---------- Recorded information ----------
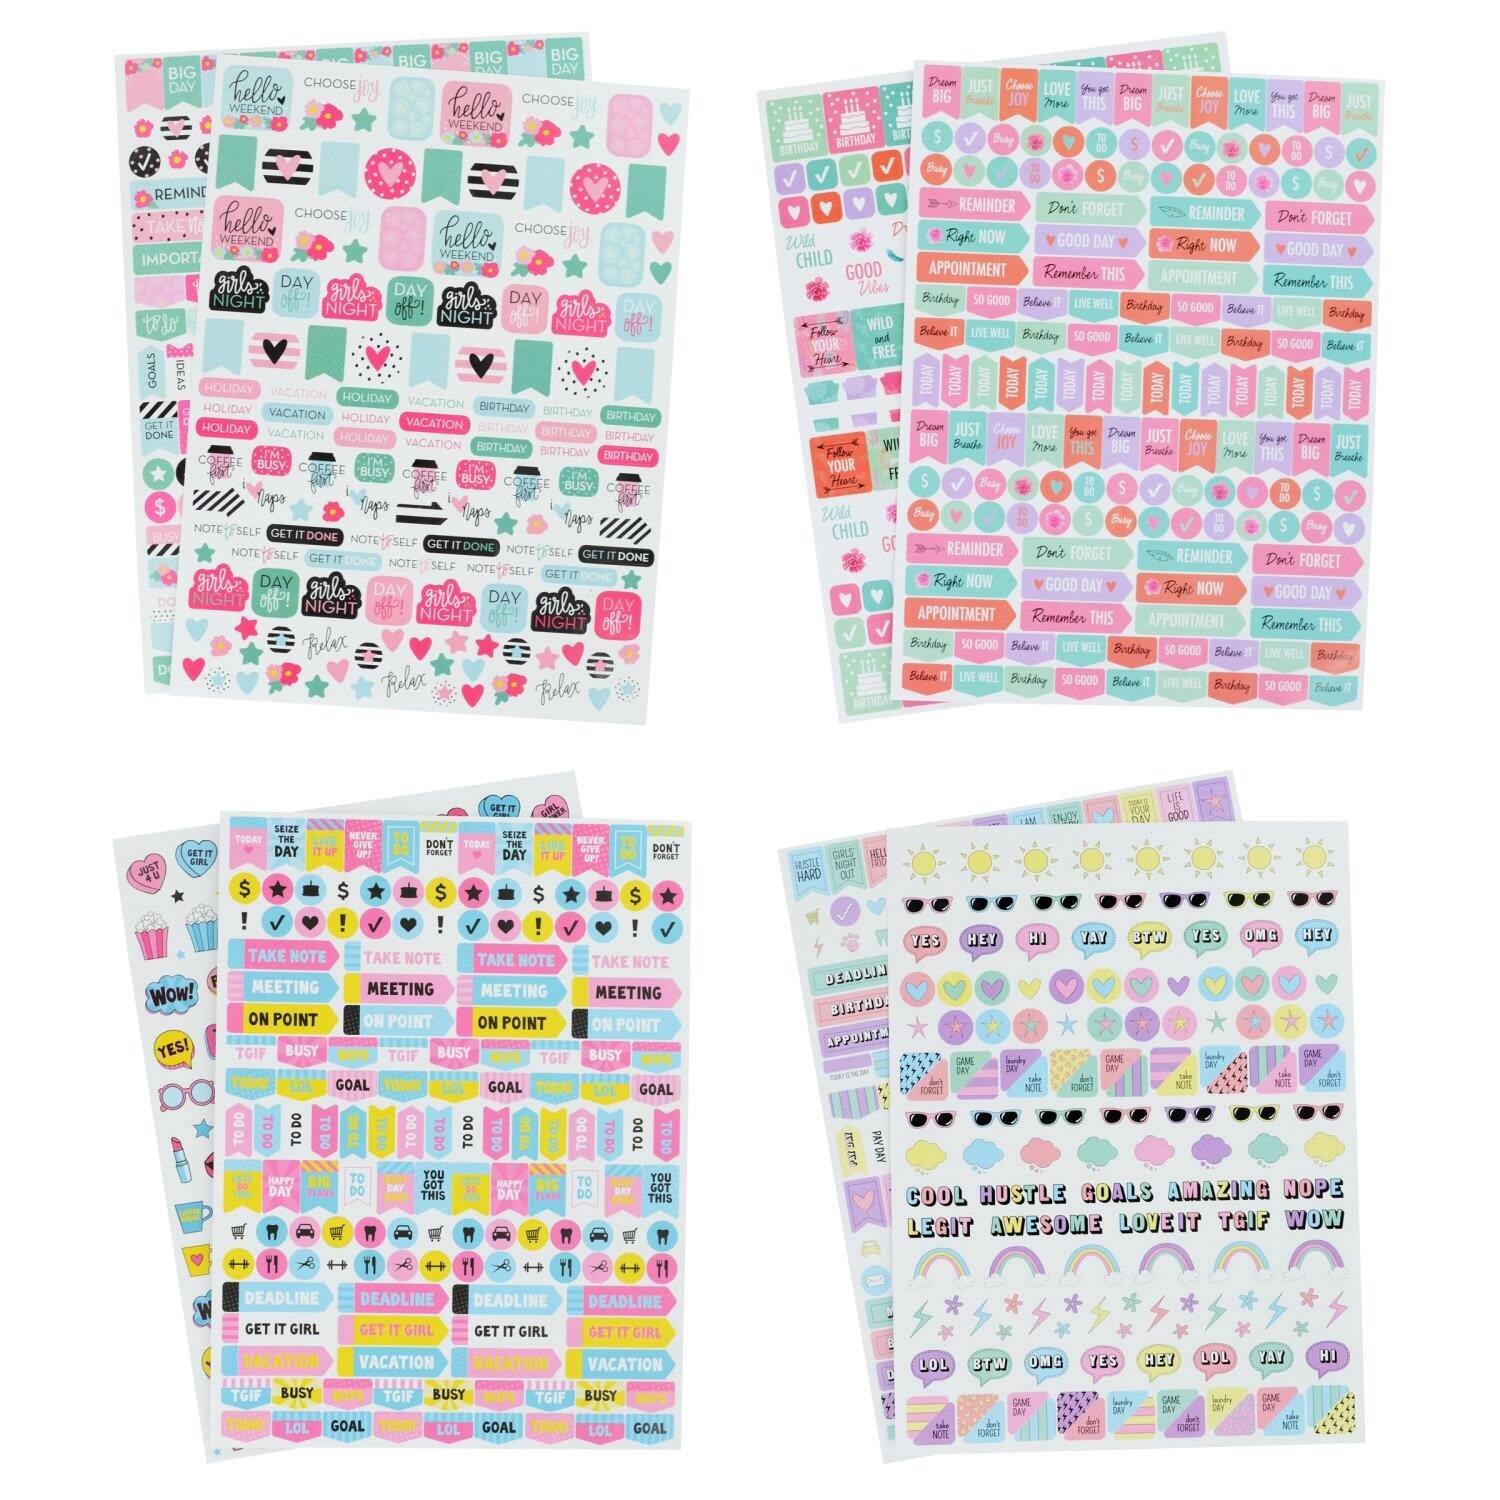 Jot Colorful Planner Stickers, 300-ct. Packs
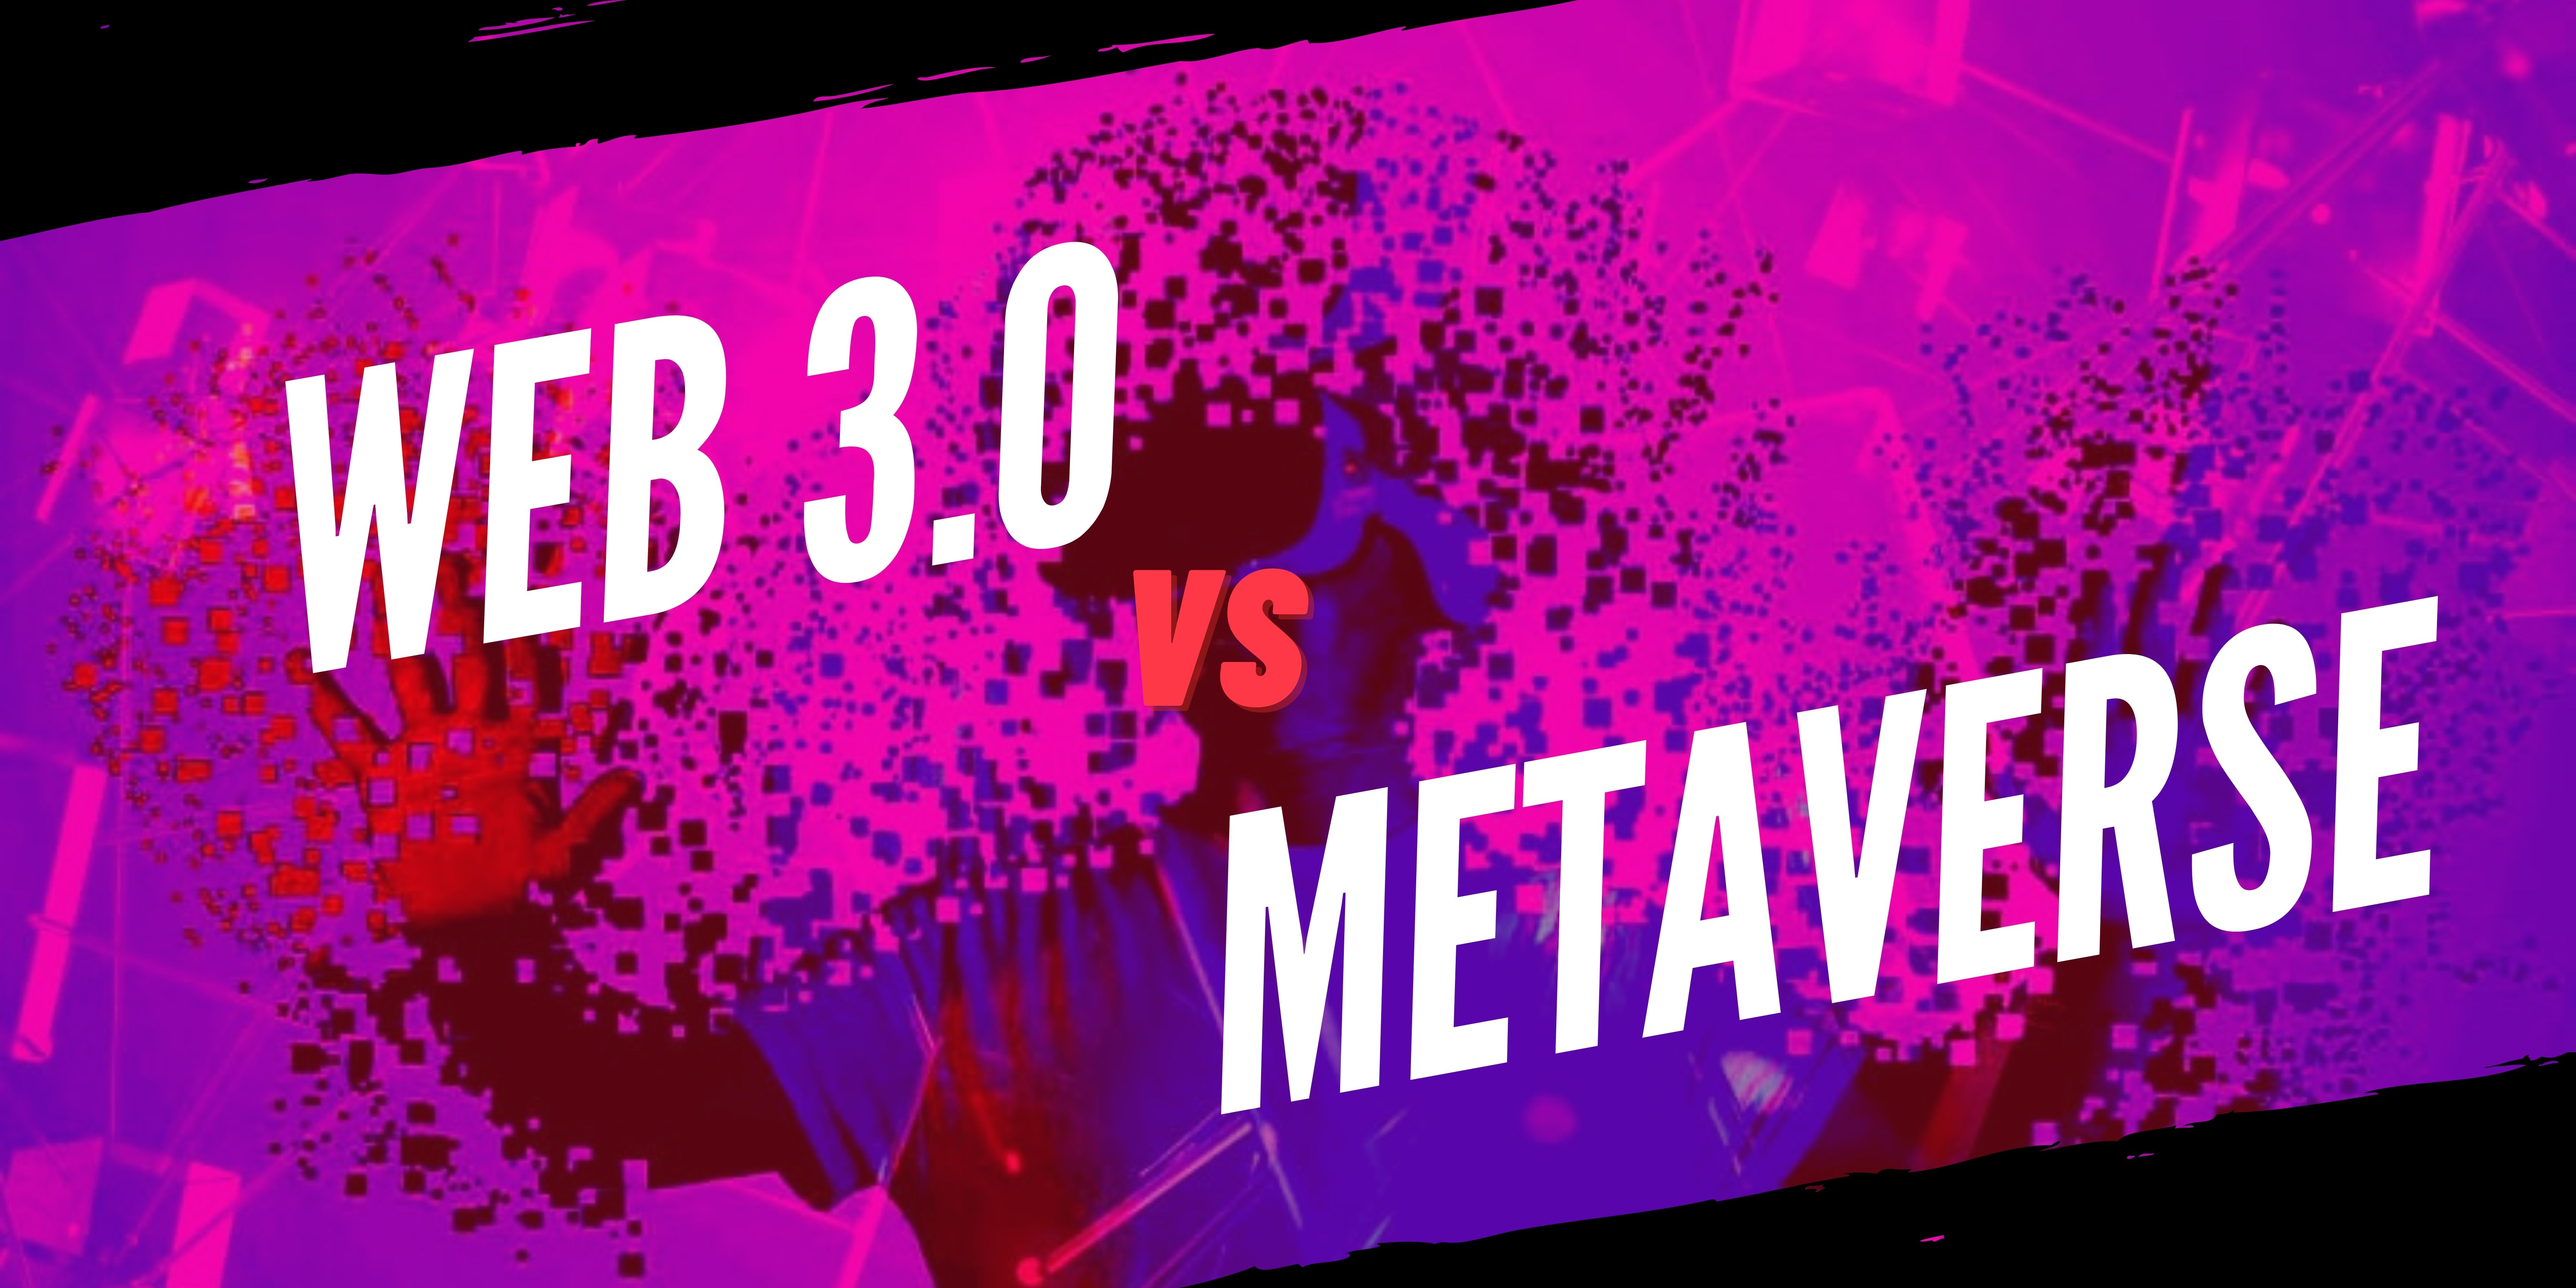 Web 3.0 vs. Metaverse: A detailed comparison [UPDATED
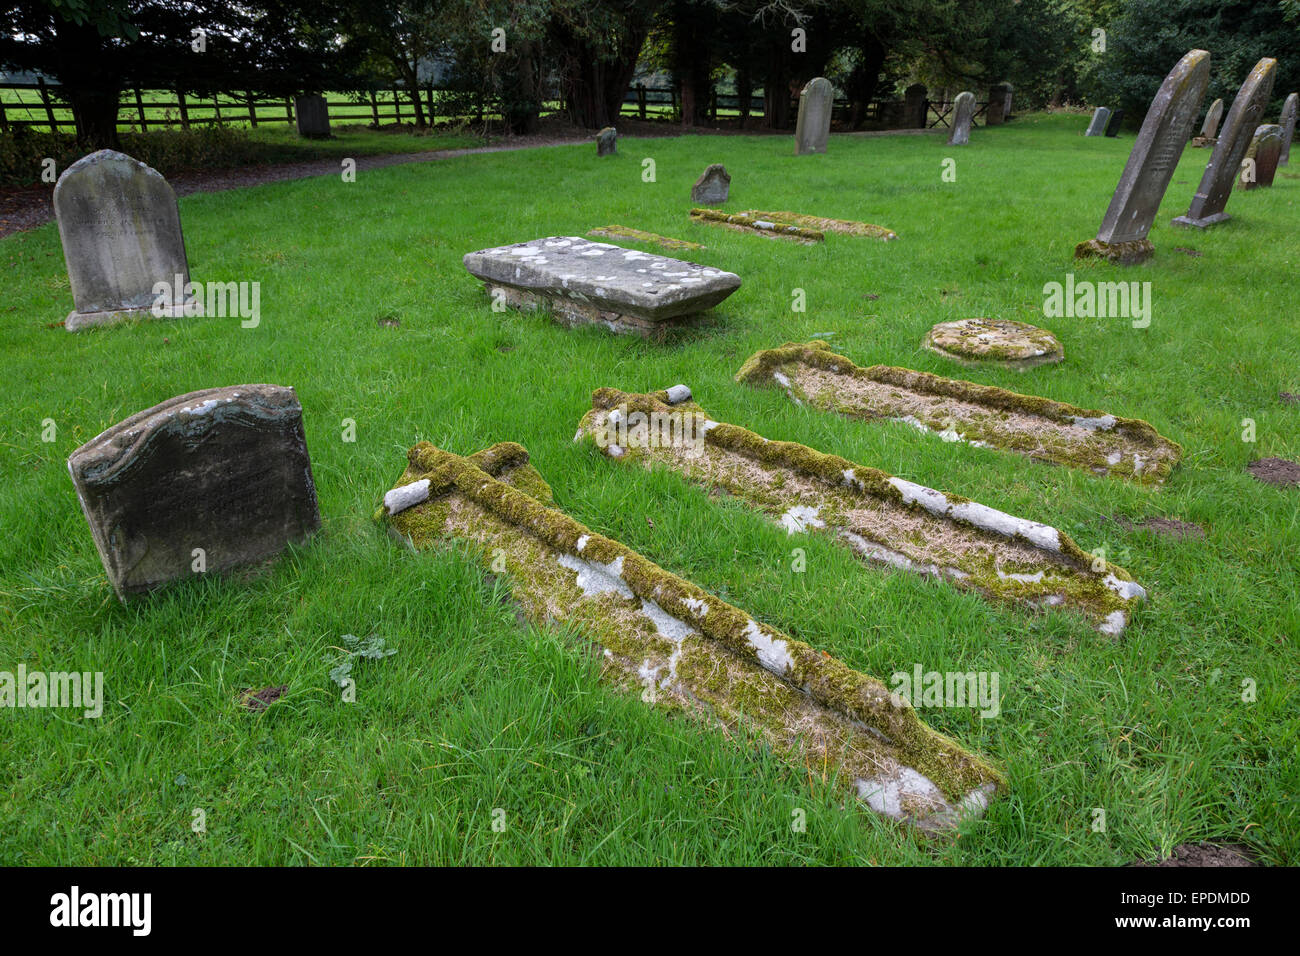 UK, England, Yorkshire.  Gravestones in the Cemetery of St. Oswald's Church, Built around 1200 A.D. Stock Photo
----------
(Try it)
Word for word, output the whole listing, but not its pictures.

(Answer section)
 Jot Colorful Planner Stickers, 300-ct. Packs
 Web 3.0 vs. Metaverse: A detailed comparison [UPDATED
 UK, England, Yorkshire.  Gravestones in the Cemetery of St. Oswald's Church, Built around 1200 A.D. Stock Photo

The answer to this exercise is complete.